Dáil debates

Thursday, 8 December 2011

Social Welfare Bill 2011: Second Stage

 

7:00 pm

Photo of Richard Boyd BarrettRichard Boyd Barrett (Dún Laoghaire, People Before Profit Alliance)

The Minister hit out at people with disabilities, the fuel allowance, rent supplement, footwear, clothing and back to education allowances, child benefit, hearing aid grants and lone parent support. It is absolutely clear that when talking about protecting the vulnerable, the Minister has done the exact opposite. She has hit every definition of vulnerable group, the disabled, the elderly, children, women and the poor. This is from the Labour Party. It is simply outrageous. At this point, it is time for the Labour Party to take off its political paraphernalia and any reference to James Connolly or James Larkin. James Connolly died for this country in a fight against control by empires. James Larkin died in poverty although he could have become a Minister and joined the club of the Free State. Instead, he died in poverty because he would not sell out. That is the mantle the Labour Party has historically claimed. They have decisively betrayed the mantle in attacking the very people that James Connolly and James Larkin dedicated their lives to protecting.
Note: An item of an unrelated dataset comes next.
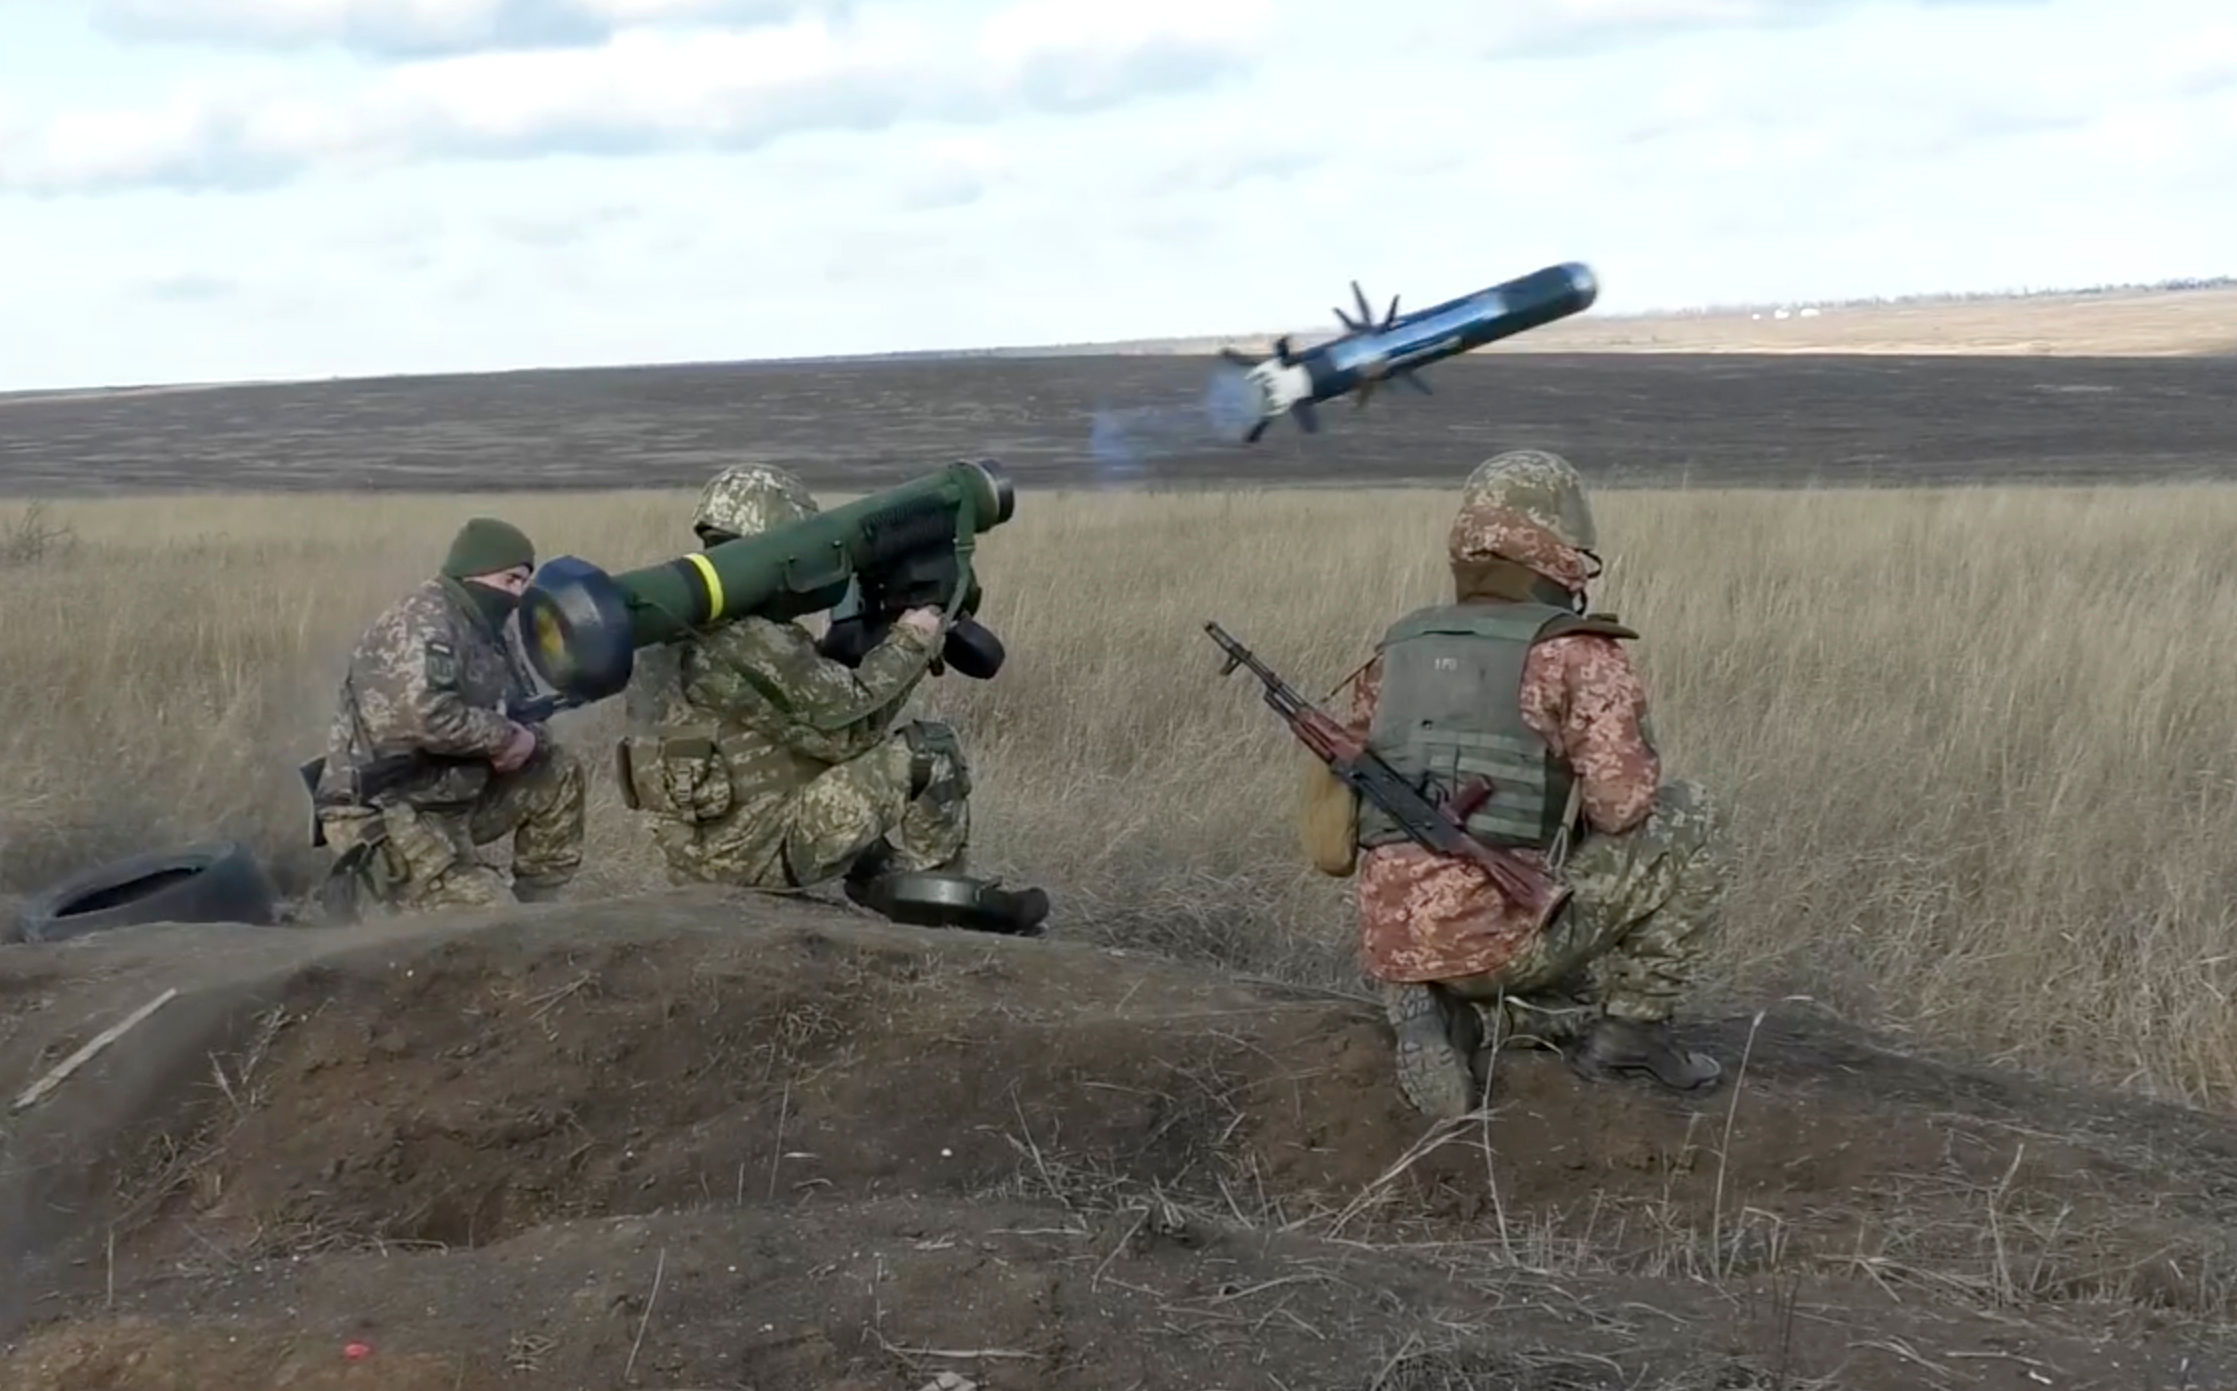 CIA trained Ukrainian squads to launch anti-Russian insurgency: Report

When faced with this criticism, the Government continues to repeat the mantra that we do not offer an alternative. We have comprehensively offered an alternative. The Government will not answer the question of why it will not put a wealth tax on the €220 billion held by the top 5% of the population. Why will the Government not do that? We say it will derive €10 billion but maybe we are wrong and it will only raise €5 billion. That would cover all of these cuts and even if it raised only €1 billion it would do away with all of the attacks on the elderly, the disabled, the young, lone parents and the poor in the Social Welfare Bill.

I refer to one commitment of this Government, which keeps saying it is in favour of labour activation measures. It has tried to justify some of these attacks as labour activation measures. The transitional payments being cut, the concurrent payments and the income disregards are all aimed at lone parents and are a direct attack on lone parents trying to get back into work or who are working. They are a direct disincentive for lone parents to be in the workforce and they will drive lone parents out of work, out of community employment schemes and back onto dependency on social welfare. Most lone parents work and want to work but cannot survive without the support that the Government is cutting. It makes a mockery of the claim that these are labour activation measures. I ask the Minister to reverse these cuts.

The one lesson we have learned in the past number of days is that people power can change Government attacks. The only reason the Government reversed the disability allowance measure is the fear of public outrage against an attack on the disabled. Lone parents, people on community employment schemes and other vulnerable groups who have been attacked should learn the lesson that protest and expressing outrage can get results. They should get on the streets and force the Government to reverse these cuts. If the Labour Party wants to save itself the trouble of that kind of public outrage, it can reverse these cuts tomorrow.